Solved – What statistics test to use to compare multiple groups with different sample sizes

anovacontinuous datahypothesis testingnonparametricsample-size

I'm running a test where I need to compare four groups on different dependent variables. Two of them are categorical and I'll a use Chi-squared test for the head-count while one y is a continuous variable: Reinvestment Value.
the four groups and statistics with respect to the continuous y are:

  • Control group: n=2749 I don't have the statistics yet
  • Treatment A n=624, mean=3413.9 s2=30269139.5 sd=5501.7, k=12, sk=3.1
    enter image description here
  • Treatment B n=38, mean=1546.62 s2=1710133.95 sd=1307.72, k=-0.81, sk=0.82
    enter image description here
  • Treatment C n=1708, mean=2528 s2=21949273.2 sd=4685, k=28, sk=4.5
    enter image description here

just to clear up all the confusion, I have the actual samples data not just the statistics.

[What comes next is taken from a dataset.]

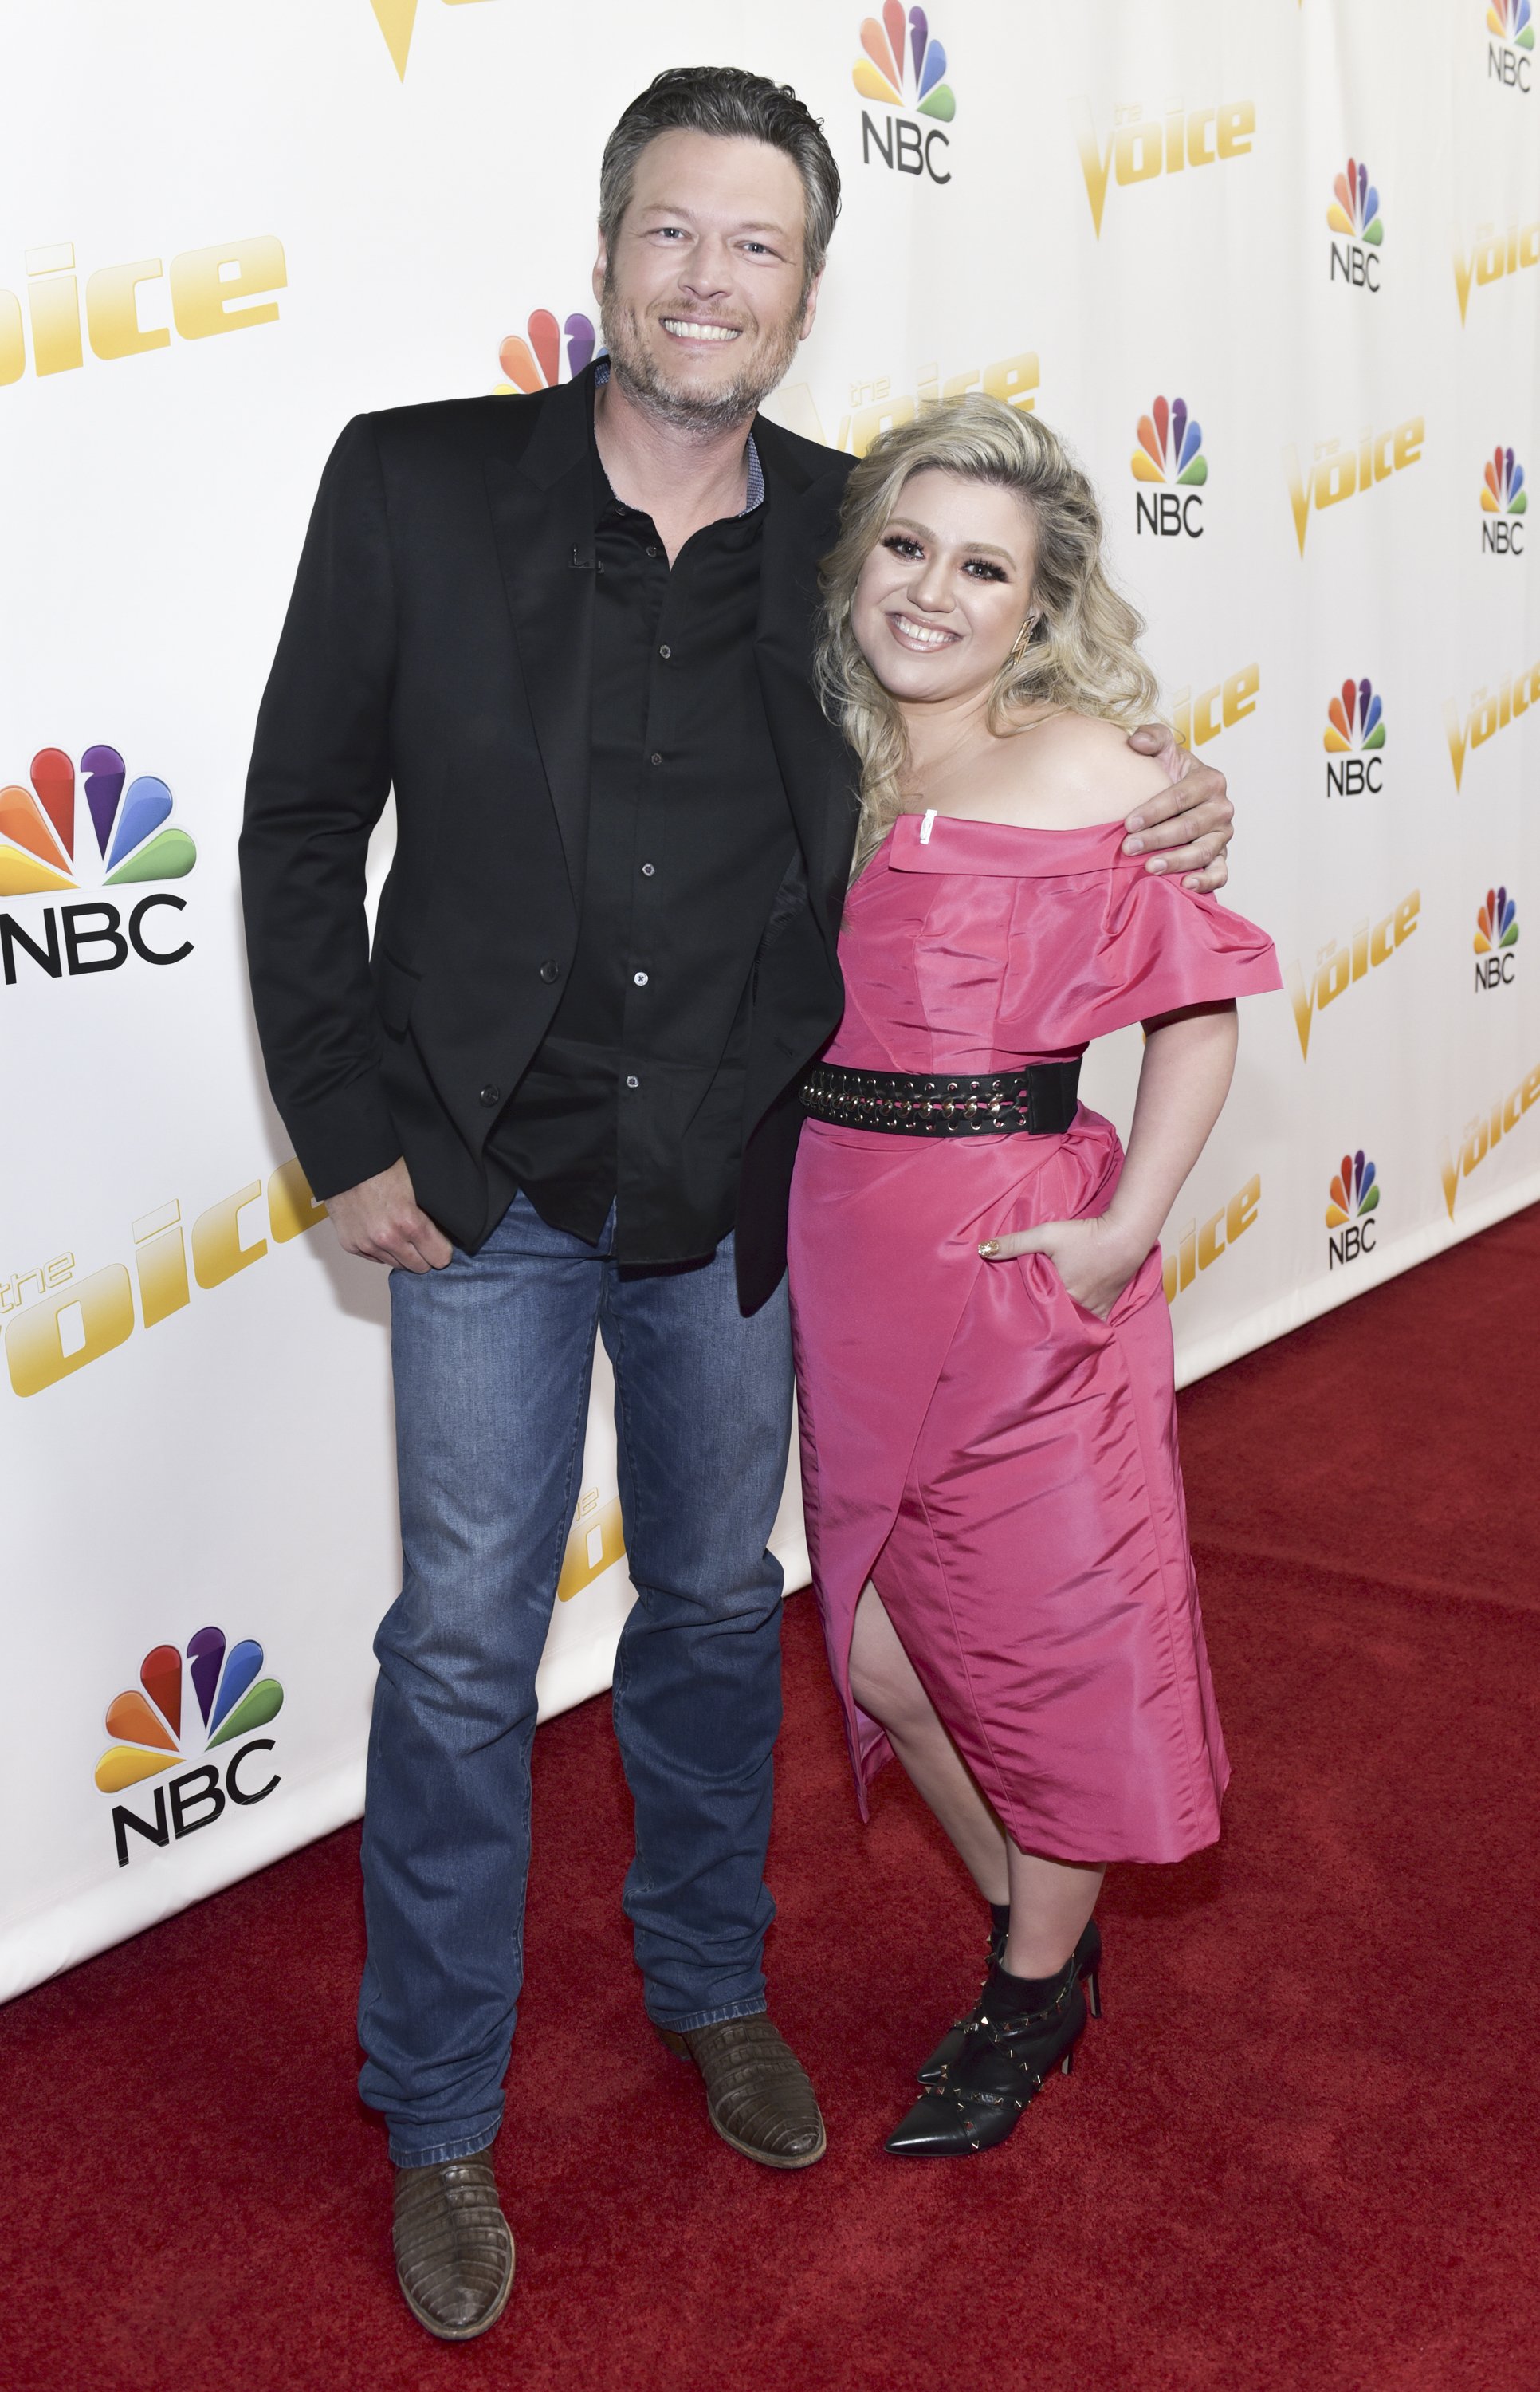 Blake Shelton and Kelly Clarkson posing for the cameras | Photo: Getty Images

So I wonder what test should I use.

I wanted to use ANOVA, to compare means of my four different groups, but:

  • data violate the assumption on normality, all the groups look more similar to an exponential distribution. However, one of the four, the one with smallest kurtosis, is an exponential with couple of picks
  • and also they violate the assumption on equal variances proved by both Barlette's and Levene's test

I have read that as long as the sample sizes are equal and big enough I can still use ANOVA, however

  • also my sample sizes are different and I have some of the groups with n>100 and others n<100. However, none of those has less than 30 observation, so I am not sure if I can still assume the central limit theorem.
  • also I have two groups with kurtosis > 5 and one of them ~0. Again I read that if kurtosis < 5 we can still assume normality

So I thought to move to a non-parametric test, like Kruskal-Wallis, but also in that case I have seen that they result inefficient if the homogeneity of variances is violated.

So I guess I have multiple questions here:

  1. How many n should I have to assume the central limit theorem? I read
    controversial answers on this, some say >30, others >50 and others>100. could I still assume the data normal with 50<n<100?
  2. It looks like the homogeneous variances assumption is even more important than the assumption about normality, so what to do if data do violate this assumption? Shall I transform them? Is there a better non-parametric one to use, like the Welch test?
  3. If I should transform them, how, what to use?
  4. Can I randomly sample the biggest groups to get an equal n from all the groups and apply ANOVA?
  5. If I have had homogeneous variances, all the other conditions stay the same, should I use a parametric ANOVA or non-parametric Kruskal–Wallis?
  6. I will also need a post test to assess where the differences are, in case of ANOVA I was thinking to use Tukey, but what to use in case of Kruskal–Wallis?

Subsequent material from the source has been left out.